In Toronto, he checks out Opus, King Palace, Small Town Food Co., Agave y Aguacate and The Atlantic. In St. John's, the restaurants are Saltwater, Chinched Bistro, Raymond's, The Reluctant Chef and Bacalao, while his Quebec City stint includes Hosaka-Ya, L'affaire Est Ketchup, Soupe & Cie, Panache and La Traite.
He says he liked four of the five restaurants in Toronto, though eating crickets at one was a challenge.
Coren says he'd rather do a show like "Million Dollar Critic" because it looks at food from an anthropological point of view.
"It's fun because the show is not about food. It's about restaurants and life and it's like the kind of columns that I write. It's about the life that goes on in restaurants and a bit about chefs.
"I'm more interested in waiters and waitresses probably than chefs because they're usually more different with a more diverse background and go on to do different things. Chefs are just hardworking, obsessed, crazy people."
He hopes viewers will become involved in the stories of the five restaurants that are in contention in each city and what it could mean to them to get a review in the local paper.
"It makes the restaurant," the outspoken critic says. "That's the thing that Trip Advisor cannot do or a food blogger cannot do. Only someone with a huge following can make that kind of difference." The TV coverage is a bonus, he adds.
It was the first trip to Canada for Coren, 45, and he was complimentary about the restaurant scene in Quebec and Toronto. (He was on his way to St. John's.)
"I had no idea. Blown away by both of them. Quebec is a crazy place. I knew they could speak French there. I didn't know they actually did. To find this kind of European 400-year-old walled city full of cute French chicks and fantastic restaurants. A bit too cold for me, but then you want to be inside eating.
"And Toronto is just diverse and exciting and better than almost any restaurants, as good as New York, which I know Canada doesn't want to be compared to America, but like New York except everyone is a tiny bit nicer and when they've finished building it it will be great. I haven't had a meal where I wasn't sitting under a crane."
When Coren started in journalism, the Internet was in its infancy, but he notes it has now shaken up restaurant reviewing.
"It's no longer the job of the restaurant critic to create the initial buzz. That's just the Internet. So all these idiots, losers who go banging on the door before the place is open they go in and take photos with their phones, flash, flash, flash and then post pictures of their dinner.
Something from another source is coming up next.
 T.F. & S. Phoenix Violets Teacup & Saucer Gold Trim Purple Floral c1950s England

It's just bad photography. Just disgusting. Everything looks like a turd in an iPhone shot. ...
"The idiots get it all out of their system — what's new, what's hot, whatever, the tables get booked up — and then we go in and, I think, offer an opinion. It's not more valid, but I'm not a blogger with nine people reading my thing.
"I write for a newspaper with a million readers and I have 150,000 (Twitter) followers and a TV show so my opinion is in the end going to make more difference so I have to be a bit careful about it and my reputation is based upon not only finding interesting restaurants but writing a piece that you can get to the end of without putting your fingers down your throat because it's so dull."
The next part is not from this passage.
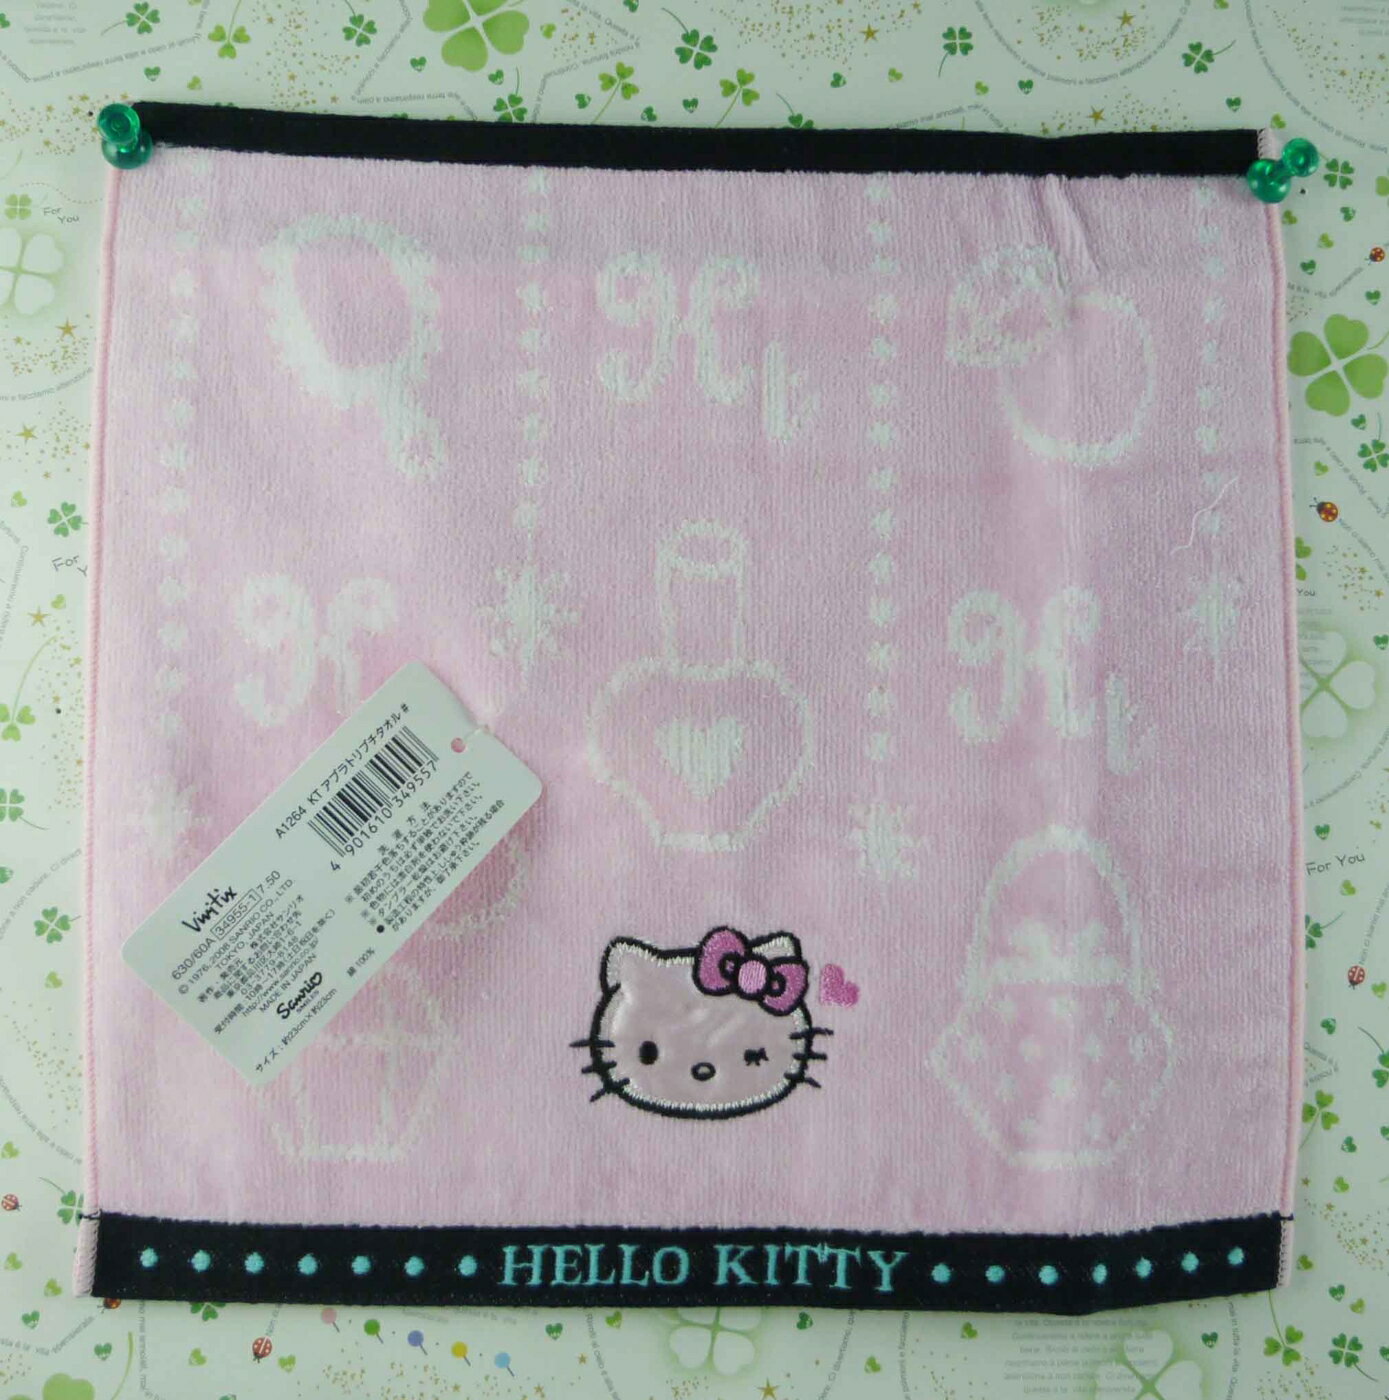 【震撼精品百貨】Hello Kitty 凱蒂貓 方巾-限量款-粉色化妝 震撼日式精品百貨

In "Million Dollar Critic," Coren hopes to shine a spotlight on Canadian cuisine through his British eyes.
"I think the positive thing about this show about me being British and coming here is that Canada always feels to me like a piece of Europe on the North American continent and I have nothing in common with Americans. And although I'm going to go there and film some shows I find the whole place terrifying and weird and I don't understand why they eat so much processed cheese," he says.
"Million Dollar Critic" airs after another new W offering, "Pressure Cooker," which illustrates the pressures of cooking at home when time is tight and ingredients are scarce, pitting skilled home cooks against the clock and each other.